Start of LISTED ENTRIES
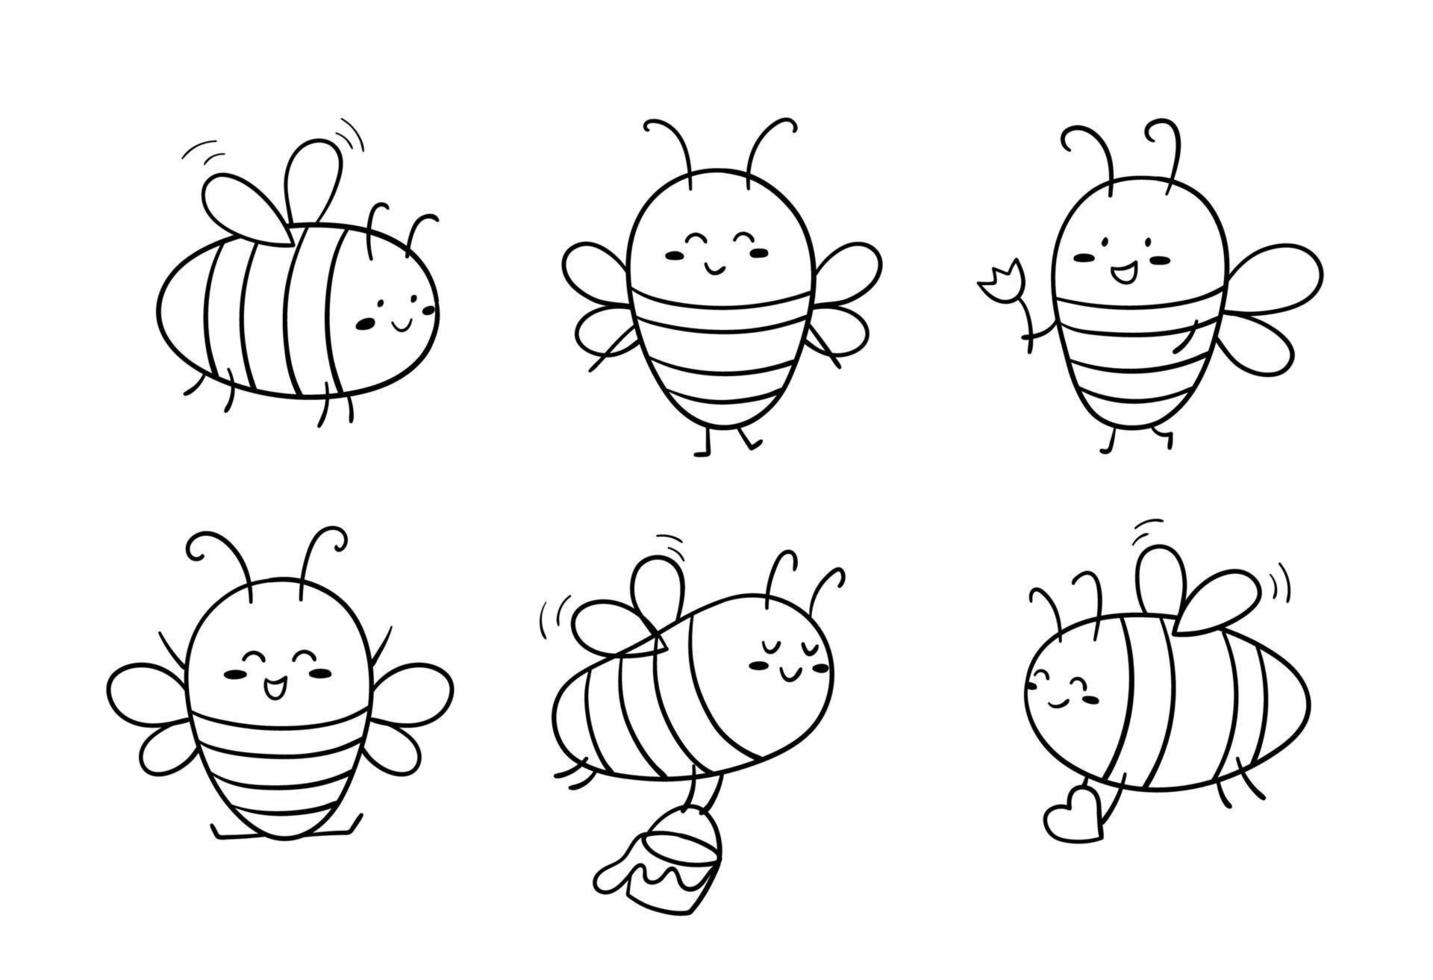 croquis de doodle drôle abeilles mignonnes. insecte volant dessiné à la main. illustration linéaire vectorielle. vecteur
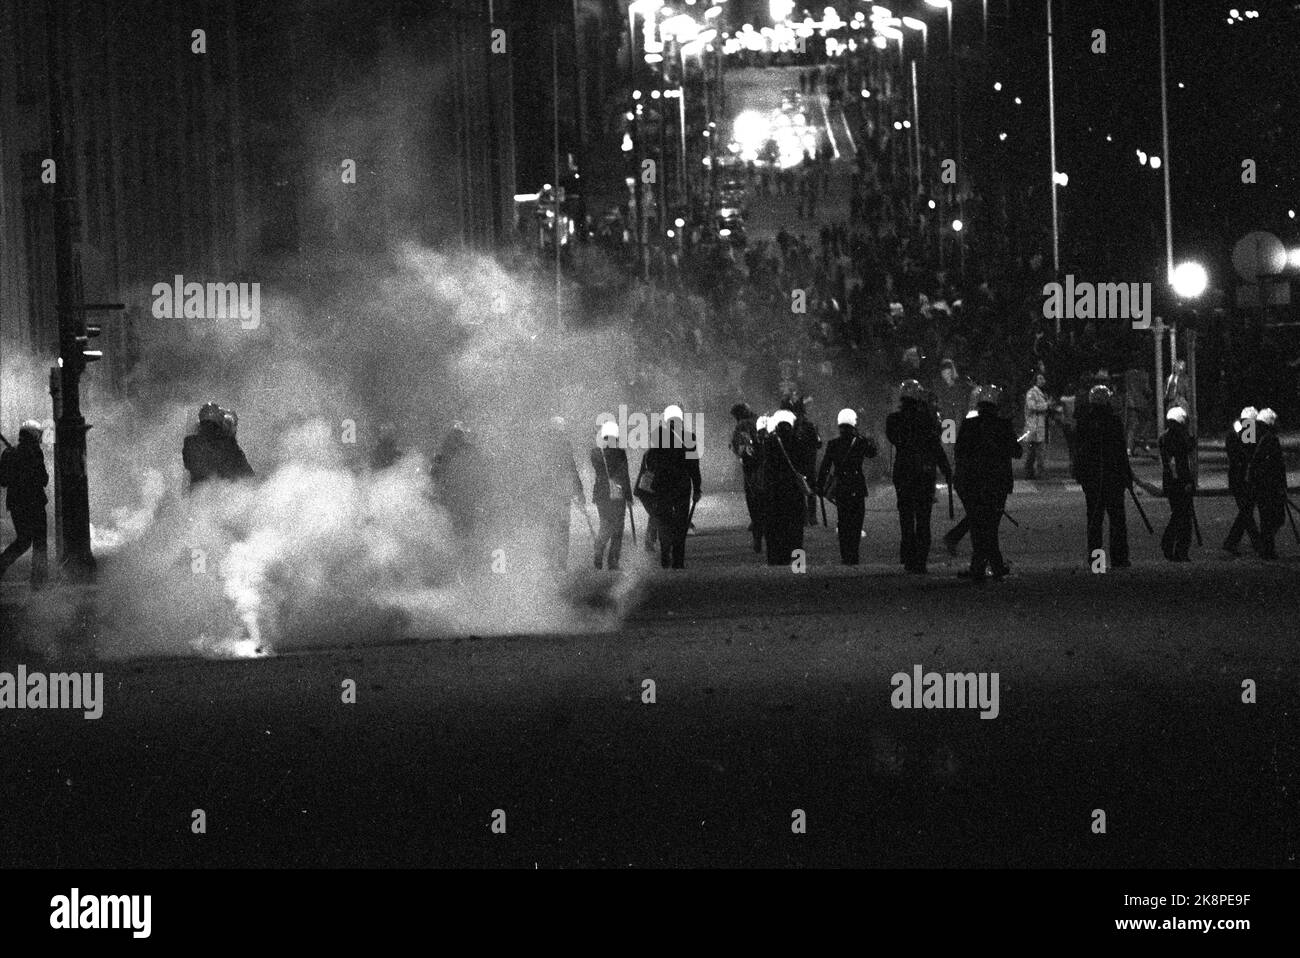 Oslo 19800501 tumulti nel centro di Oslo notte fino al 1st maggio. La polizia ha usato gas lacrimogeni contro le bande giovanili durante i disordini. Foto Erik Thorberg / NTB / NTB Foto Stock
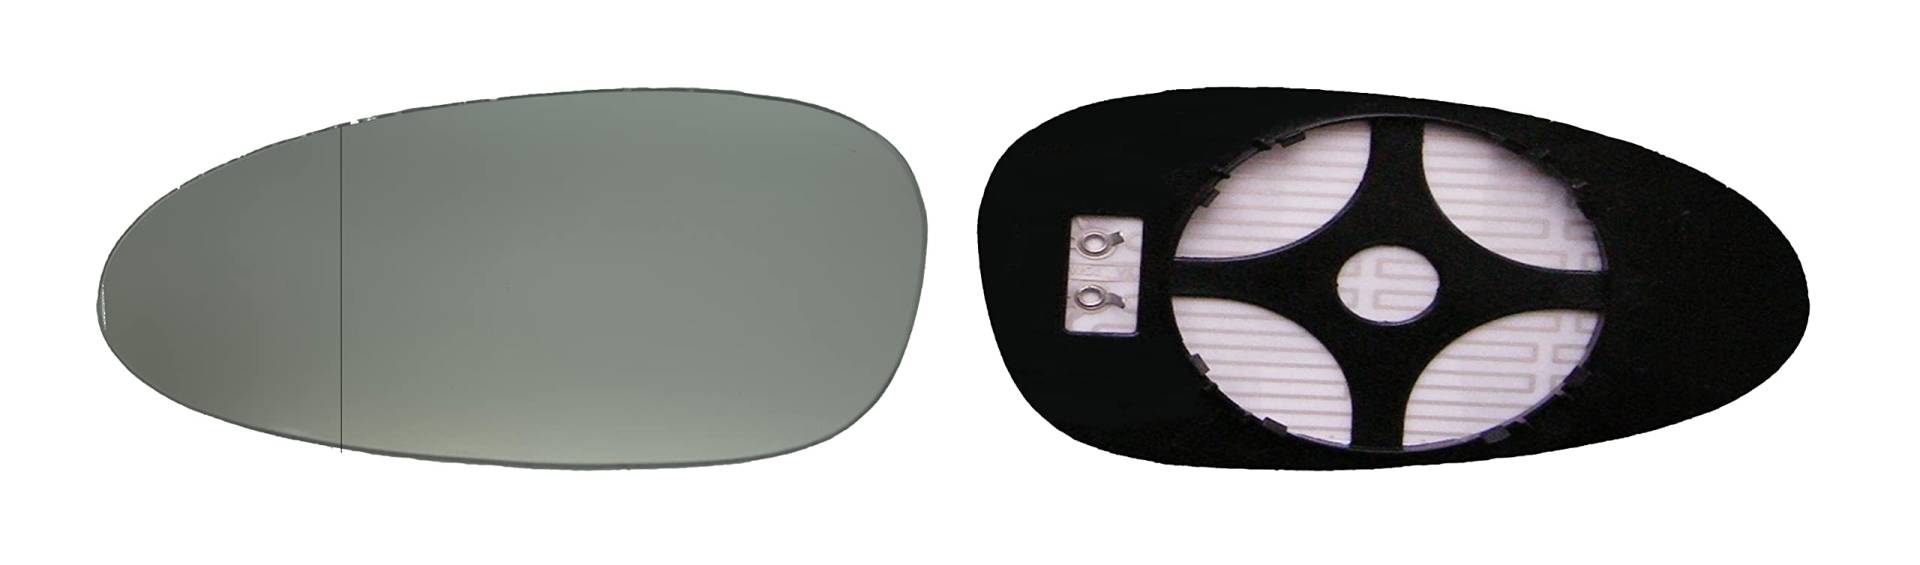 ASG Technik Außenspiegel Spiegelglas Ersatzglas kompatibel mit Porsche 911, 997 Cayman, 997 Boxster Baujahr 2005 - 2009 von ASG Technik
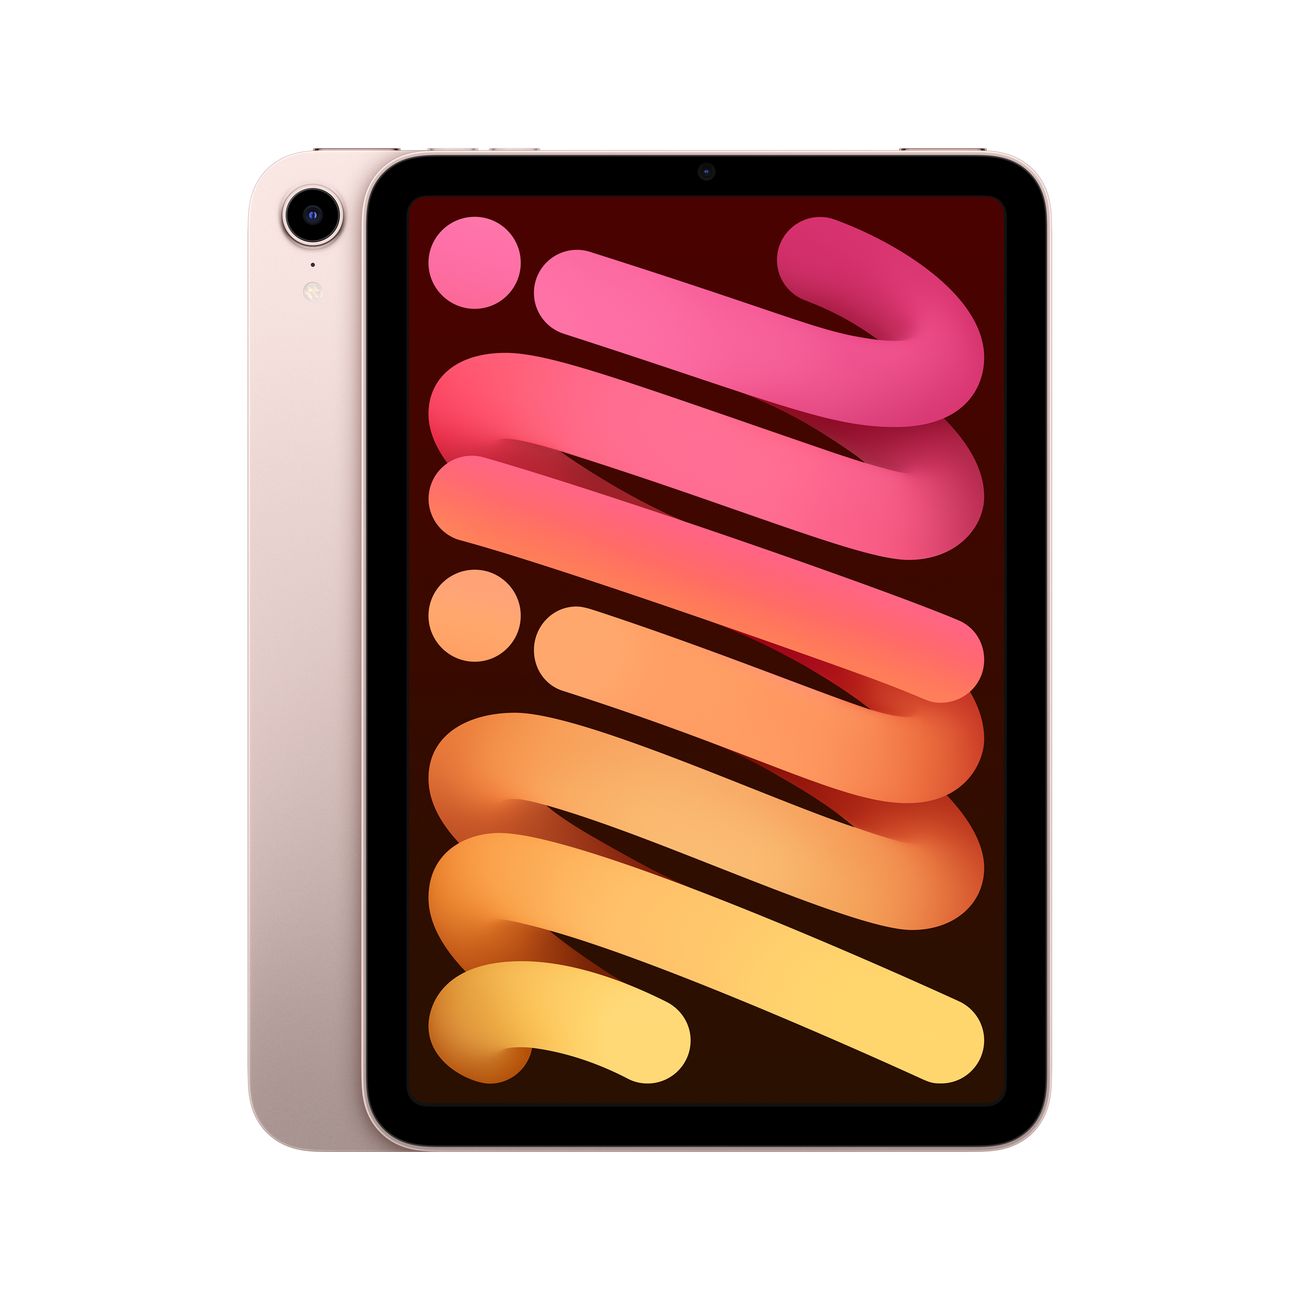 Купить планшет apple ipad mini wi-fi 256gb pink (mlwr3) Apple iPad mini в официальном магазине Apple, Samsung, Xiaomi. iPixel.ru Купить, заказ, кредит, рассрочка, отзывы,  характеристики, цена,  фотографии, в подарок.
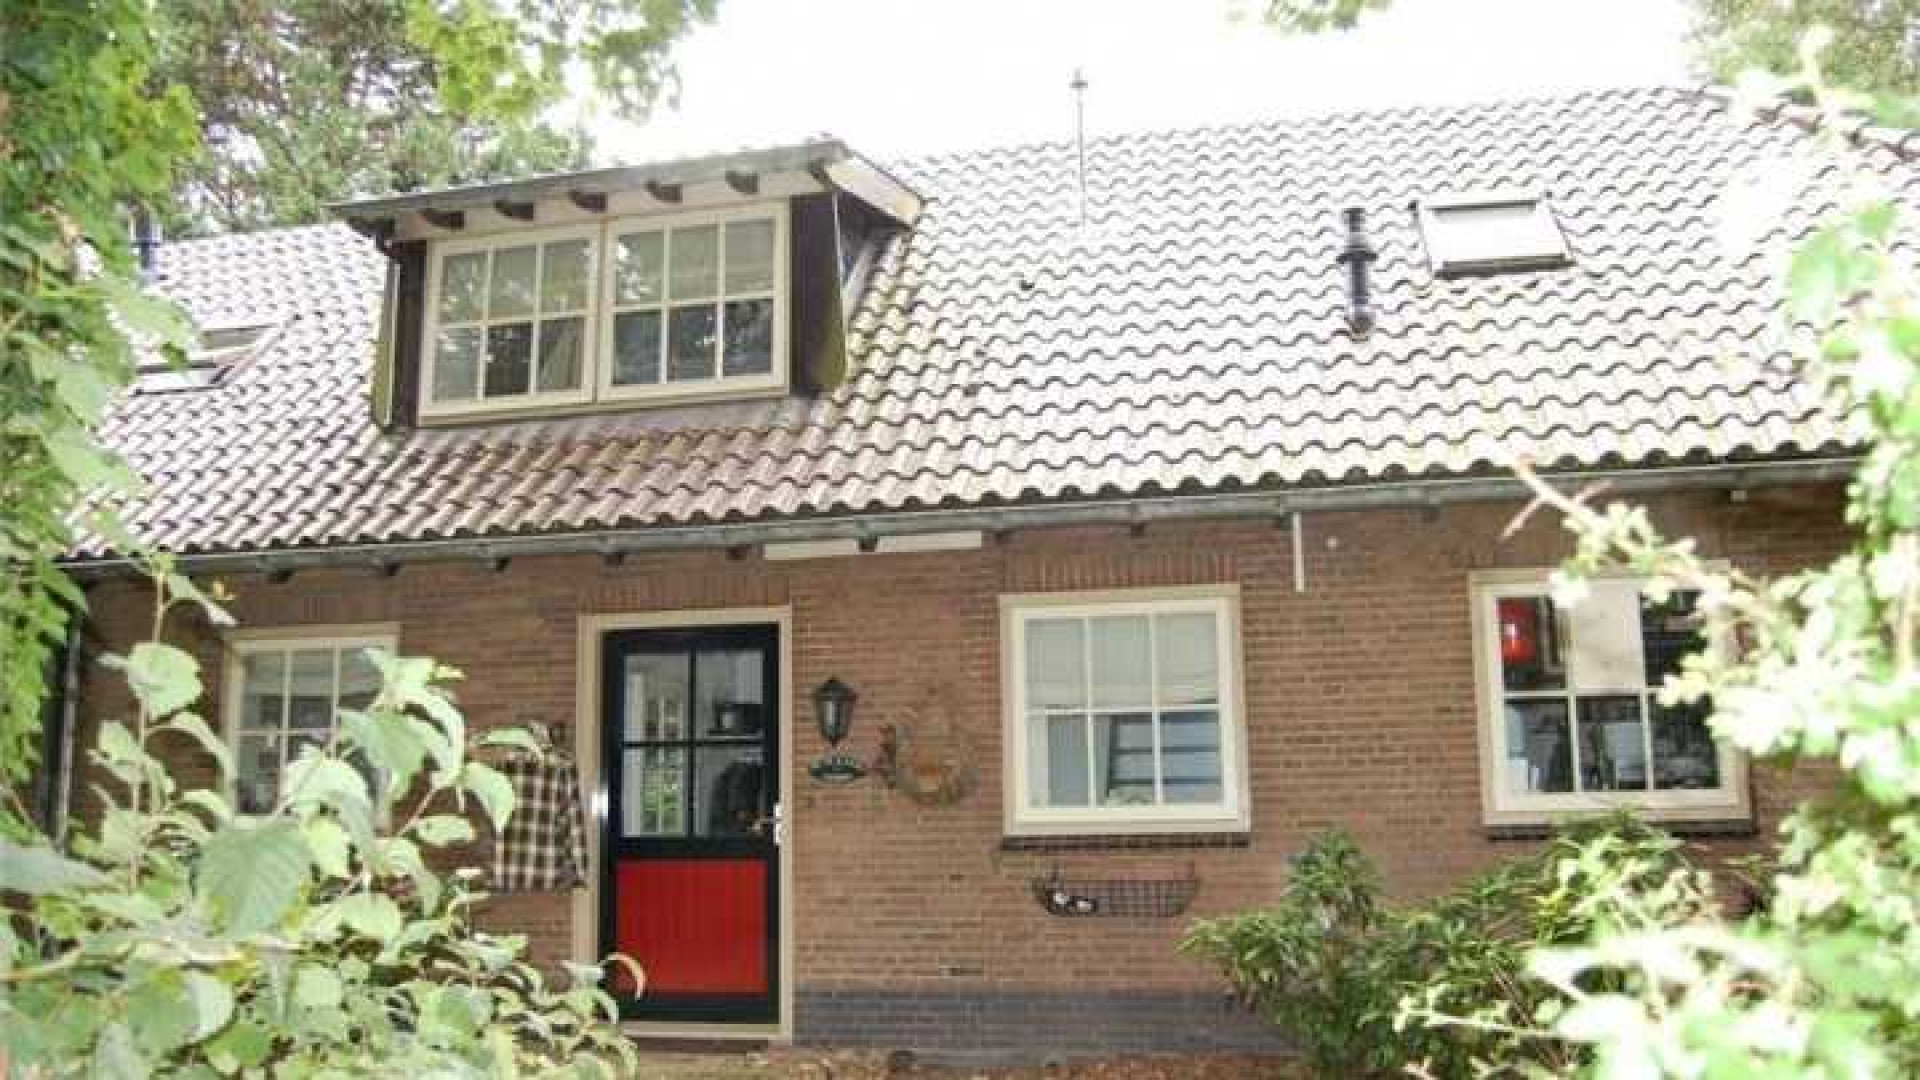 Surprise! Henny Huisman haalt na 2 jaar villa uit de verkoop. Zie foto's
End of LISTED ENTRIES
| EXERCISE GOAL |
Pictures omitted, give the entries again exactly.

| EXERCISE ANSWER |
 croquis de doodle drôle abeilles mignonnes. insecte volant dessiné à la main. illustration linéaire vectorielle. vecteur
 Oslo 19800501 tumulti nel centro di Oslo notte fino al 1st maggio. La polizia ha usato gas lacrimogeni contro le bande giovanili durante i disordini. Foto Erik Thorberg / NTB / NTB Foto Stock
 ASG Technik Außenspiegel Spiegelglas Ersatzglas kompatibel mit Porsche 911, 997 Cayman, 997 Boxster Baujahr 2005 - 2009 von ASG Technik
 Купить планшет apple ipad mini wi-fi 256gb pink (mlwr3) Apple iPad mini в официальном магазине Apple, Samsung, Xiaomi. iPixel.ru Купить, заказ, кредит, рассрочка, отзывы,  характеристики, цена,  фотографии, в подарок.
 Surprise! Henny Huisman haalt na 2 jaar villa uit de verkoop. Zie foto's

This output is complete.